The host kernel threads can still be scheduled on the pcpu as mentioned earlier. To isolate the host CPUs completely, even from the kernel threads, isolcpus can be configured. The qemu threads can then be pinned to the isolated cpus. This requires grub configuration on the host and isolates them from running any load (other than the load that’s explicitly pinned to these cores).
Most deployments may not need configuration as it requires customized work load scheduling on the host system. Also this information needs to be propagated to the virtual router/virtual machine and the virtual router/machine needs to use the same isolated cpus. Our recommendation is to have this mechanism if the operator has the need and systems in place to configure/manage the host with this level of detail.
Be aware that cpu cores on a socket may not be numbered contiguously. This can be checked with:
grep “physical id” /proc/cpuinfo
For example, on an HP ProLiant DL380 Gen9 with two CPU E5-2680 v3 12-core CPUs, the cores from different sockets are interleaved like this:
physical id : 0 physical id : 0 physical id : 0 physical id : 0 physical id : 0 physical id : 0 physical id : 1 physical id : 1 physical id : 1 physical id : 1 physical id : 1 physical id : 1 physical id : 0 physical id : 0 physical id : 0 physical id : 0 physical id : 0 physical id : 0 physical id : 1 physical id : 1 physical id : 1 physical id : 1 physical id : 1 physical id : 1
There must always be one core that is not isolated. Commonly this is cpu 0. isolcpus is configured in the grub file. (See the Grub File section.) The cpu list can be a combination of ranges and/or comma-separated values, such as isolcpus=1-13 or isolcpus=11,12,13,14 or isolcpus=0-5,12-17.
For example:
GRUB_CMDLINE_LINUX="intel_iommu=on isolcpus=1-13 nohz_full=1-13 hugepagesz=1GB hugepages=64 default_hugepagesz=1GB"

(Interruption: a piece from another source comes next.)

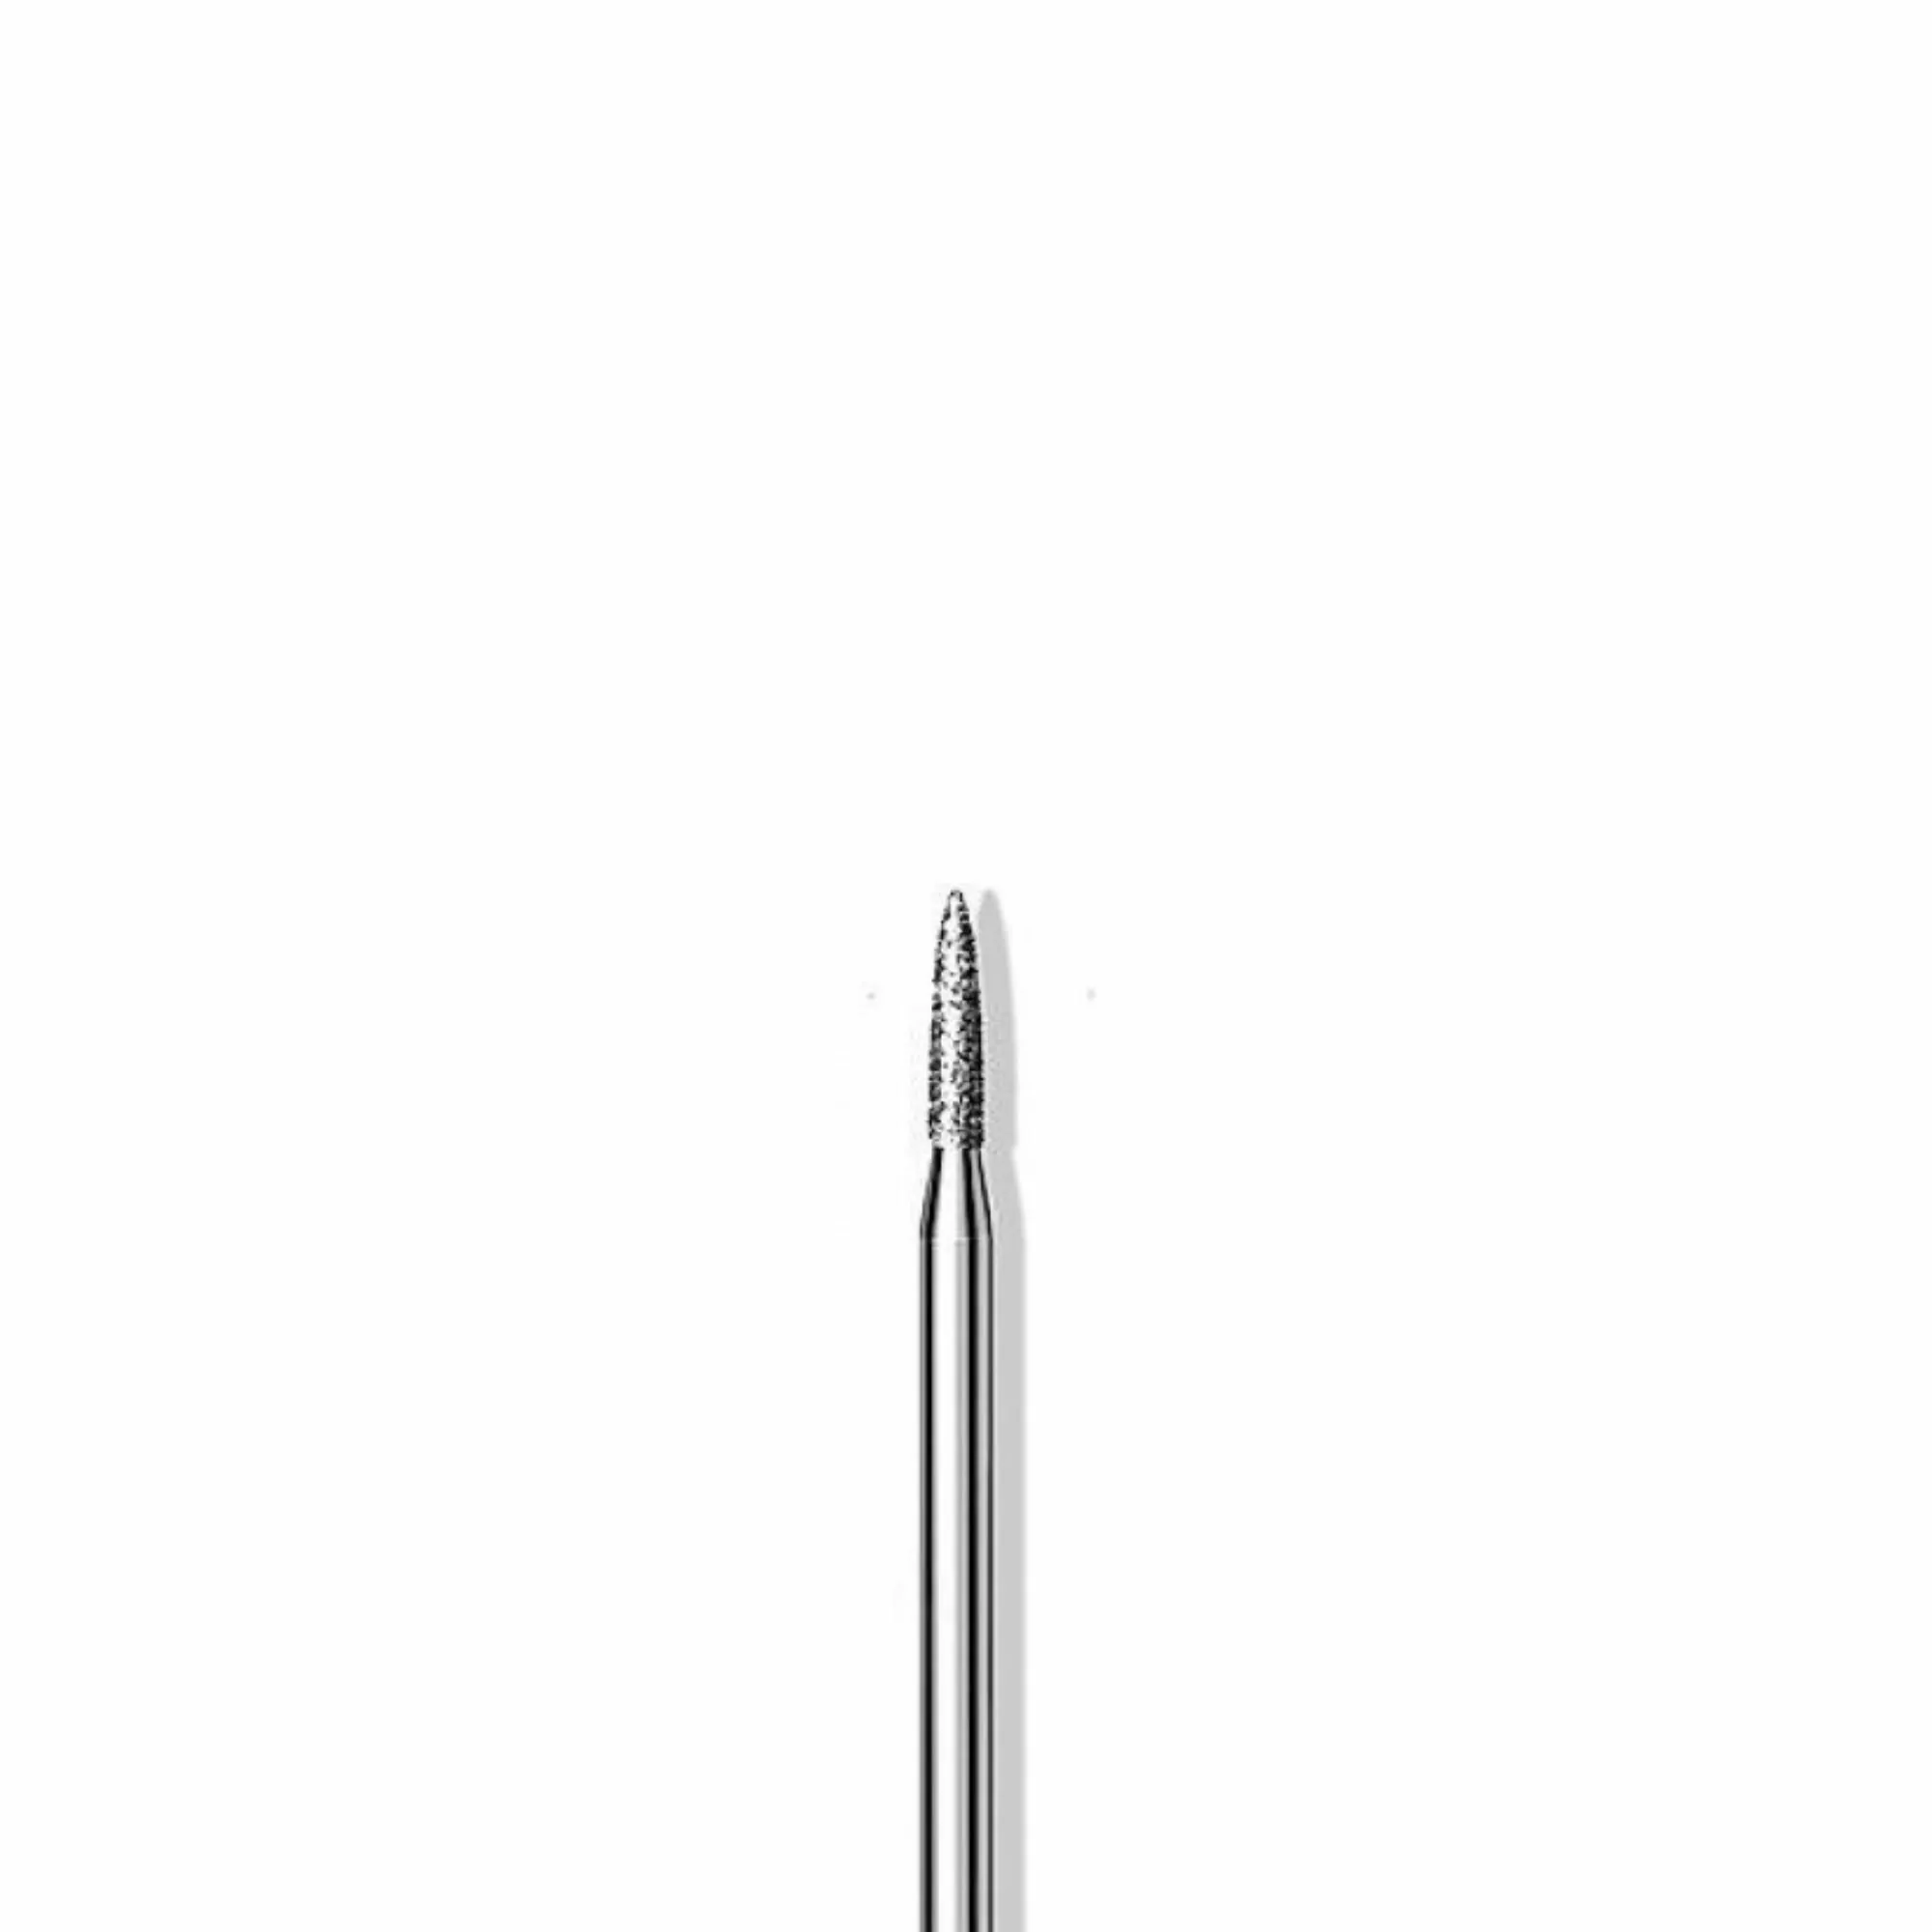 Fraise diamant - Lissage ongles et callosités - 2,5 mm - 863 - Busch

The CONFIG_NO_HZ_FULL linux kernel build option is used to configure a tickless kernel. The idea is to configure certain processor cores to operate in tickless mode and these cores do not receive any periodic interrupts. These cores will run dedicated tasks (and no other tasks will be schedules on such cores obviating the need to send a scheduling tick). A CONFIG_HZ based timer interrupt will invalidate L1 cache on the core and this can degrade dataplane performance by a few % points (to be quantified, but estimated to be 1-3%). Running tickless typically means getting 1 timer interrupt/sec instead of 1000/sec.
Running VPP in a KVM VM
The following configuration tweaks have been used to demonstrate a 98-100% Max bandwidth zero packet drop rate forwarding 1000 byte ipv4 packets from one 10GigE interface to another bi-directionally using 2 10GigE ports on an Ixia traffic generator.

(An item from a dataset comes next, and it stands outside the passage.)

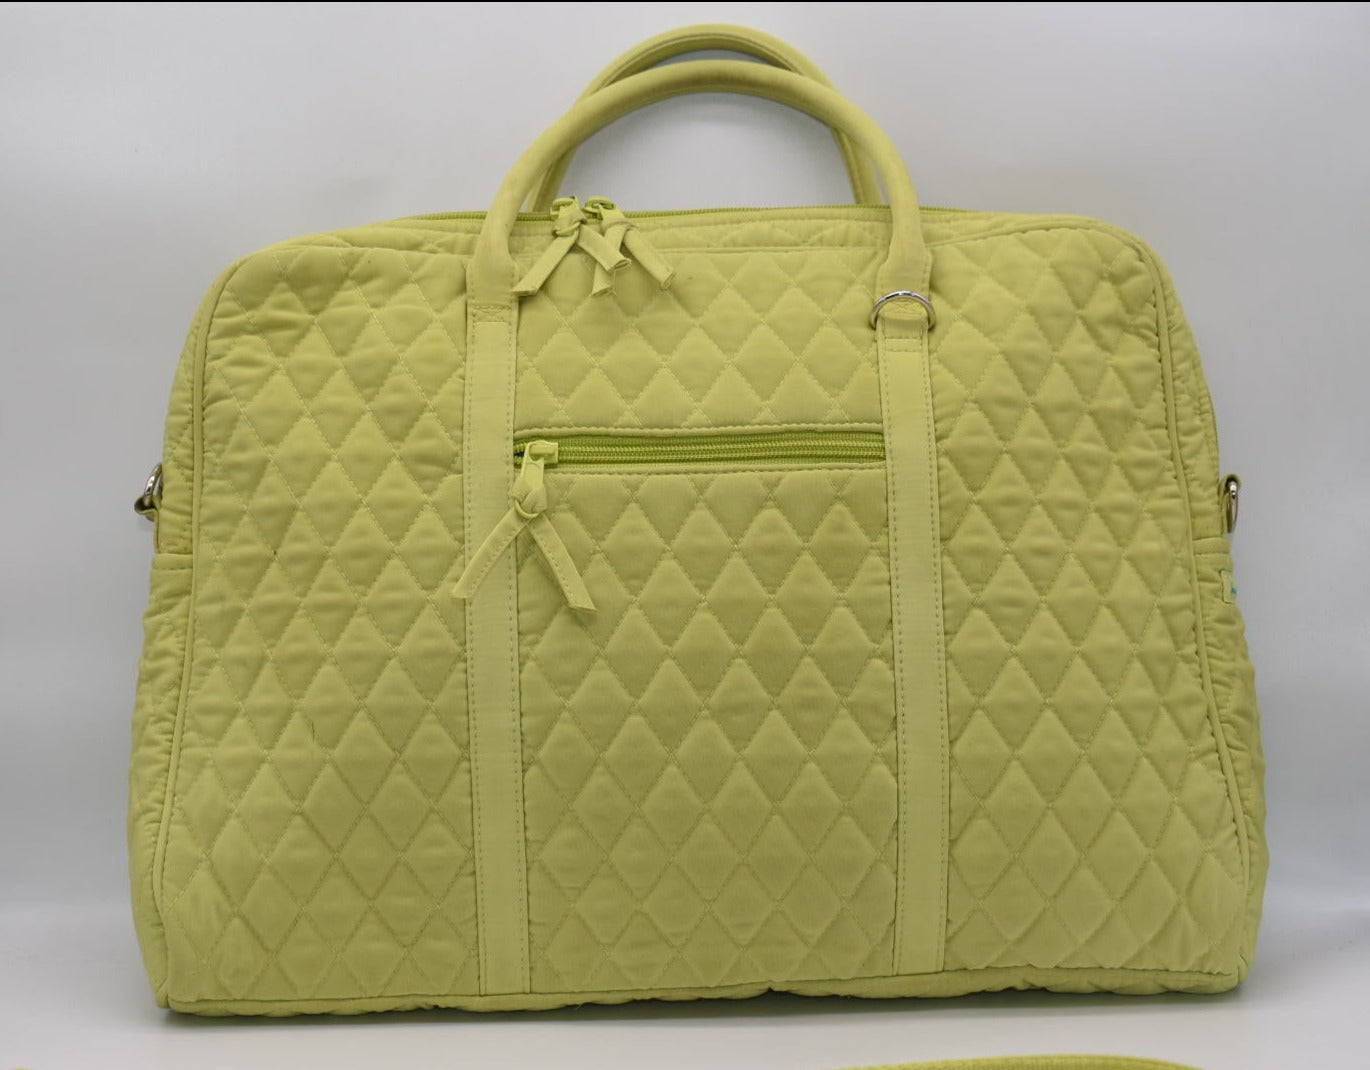 Vera Bradley Laptop Briefcase Bag in Microfiber Key Lime

Disable Interrupt Balancing (irqbalance)
The Irqbalance daemon is enabled by default. It is designed to distribute hardware interrupts across CPUs in a multi-core system in order to increase performance. However, it can/will cause the cpu running the vpp VM to be stalled, causing dropped Rx packets. When irqbalance is disabled, all interrupts will be handled by cpu0, so the vpp VM (or any other service VMs) should NOT run on cpu0.
Disable irqbalance by setting ENABLED="0" in the default configuration file (/etc/default/irqbalance):
#Configuration for the irqbalance daemon #Should irqbalance be enabled? ENABLED="0" #Balance the IRQs only once? ONESHOT="0"
Man page: http://manpages.ubuntu.com/manpages/precise/man1/irqbalance.1.html
In a VM: Disable Kernel Samepage Merging (KSM)
KSM is a memory-saving de-duplication feature, that merges anonymous (private) pages (not pagecache ones).
While diagnosing the vpp Rx zero packet drop issue, we noticed a correlation between the /sys/kernel/debug/kvm/pf_fixed counter being incremented and the periodic Rx packet drops. We observed that disabling KSM eliminated the incrementing of these counters. KSM is enabled in Ubuntu 14.04 server on the host OS only. It is disabled when Ubuntu 14.04 server is run in a VM.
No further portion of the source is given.